Palę Paryż - Bruno Jasieński (biblioteka na zamówienie txt) 📖
Katastroficzna powieść Brunona Jasieńskiego Palę Paryż ukazała się w odcinkach na łamach francuskiego socjalistycznego dziennika „L'Humanité” w 1928 r., a w następnym roku w formie książkowej nakładem wydawnictwa Ernesta Flammariona. Jak wspomina Juliusz Kaden-Bandrowski we wstępie do polskiego wydania (1929), publikacja, choć należąca do nurtu fantastyki, wywołała żywe reakcje ze względu na swą wymowę polityczną. Ostatecznie stała się powodem wydalenia w 1929 r. z Francji, gdzie przebywał na emigracji od 1925 r., komunizującego autora, który znalazł następnie schronienie w ZSRR (tam tłumaczenie opublikowano w nakładzie 140 000 egzemplarzy, a dodruk liczył 220 000).

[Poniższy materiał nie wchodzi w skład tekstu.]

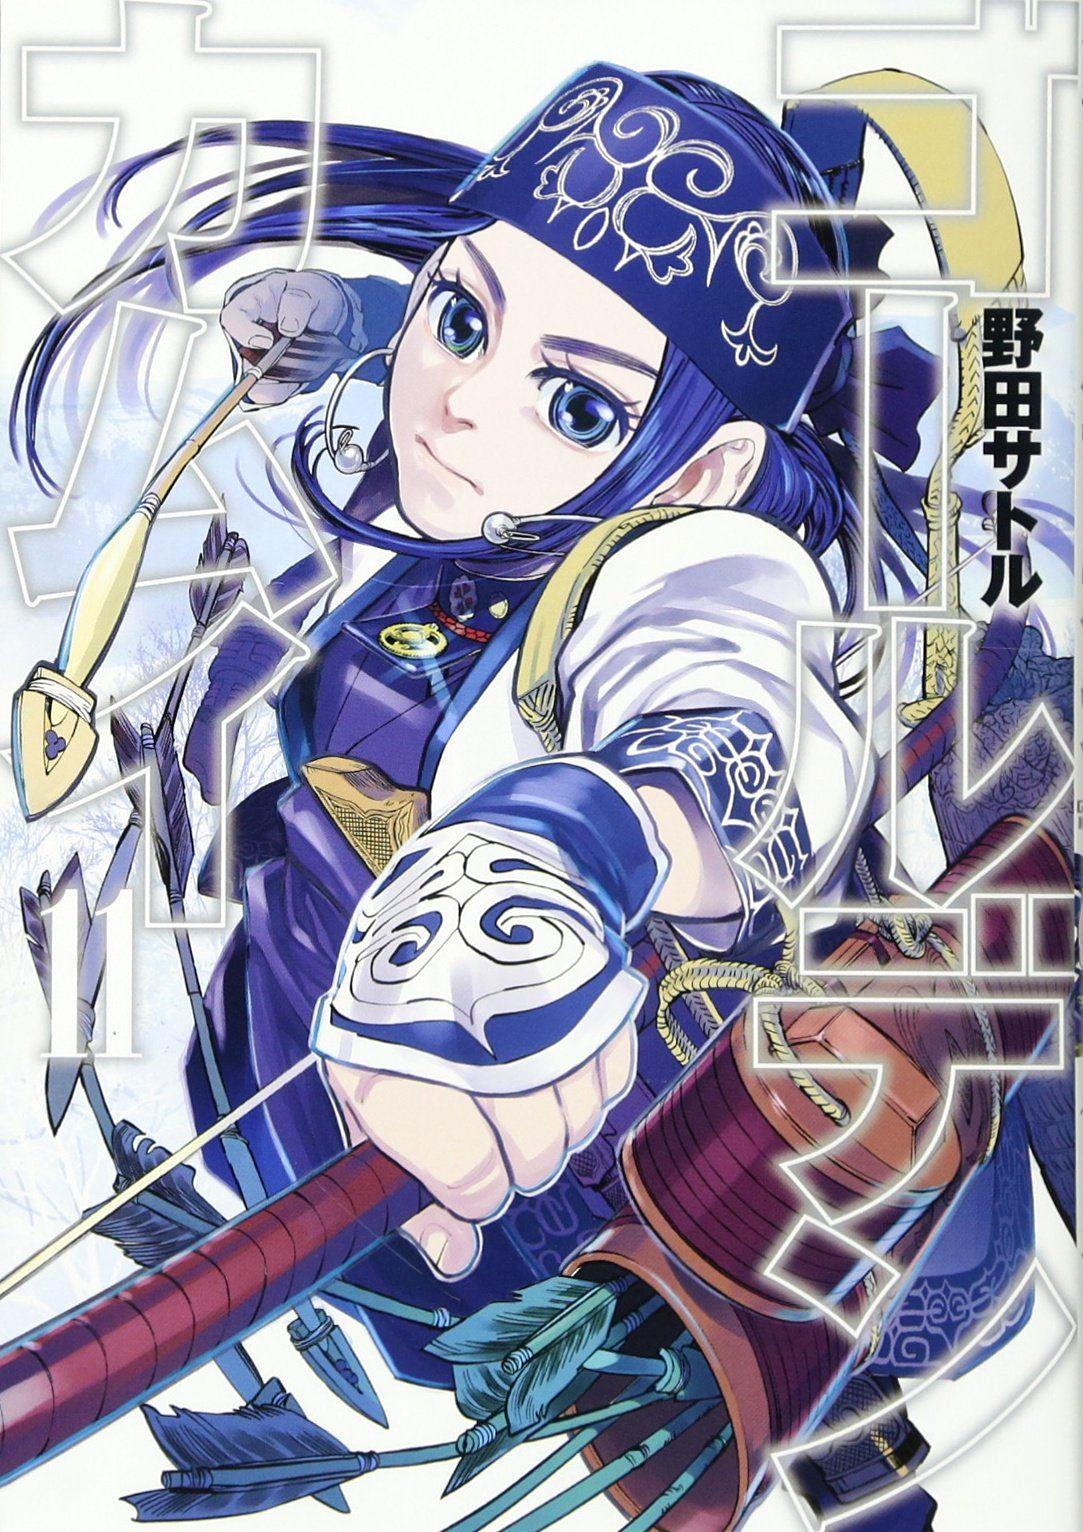 Golden Kamuy Anime, Anime wallpaper, Anime characters

Ciekawostkę stanowi fakt, że iskra, która zainicjowała powstanie płomiennej lewicowej powieści, skrzesana została przez drobne nieporozumienie językowe. Jasieński pisał Palę Paryż w odpowiedzi na wyszydzającą styl życia proletariatu radzieckiego nowelę Paula Moranda Je brûle Moscou; tymczasem w gwarze miejskiej owo brûler znaczyło tyle: palić, co: przemierzać przestrzeń, szlifować bruk. Tym niemniej cały tom L'Europe galante, w którym ukazała się nowela Moranda, stanowił przykład twórczości szczególnie nieznośnej dla polskiego awangardysty: proponującej eleganckie bon moty zamiast sztuki zmuszającej do pogłębionej refleksji. Jasieński zaproponował, by burżuazyjny świat przyjrzał się krytycznie stylowi życia swej mitycznej stolicy, owemu „tłumowi statystów” (oraz kilku protagonistom) — „jaki na ekran bulwarów paryskich wyrzuca co wieczora zepsuty aparat projekcyjny Europy”.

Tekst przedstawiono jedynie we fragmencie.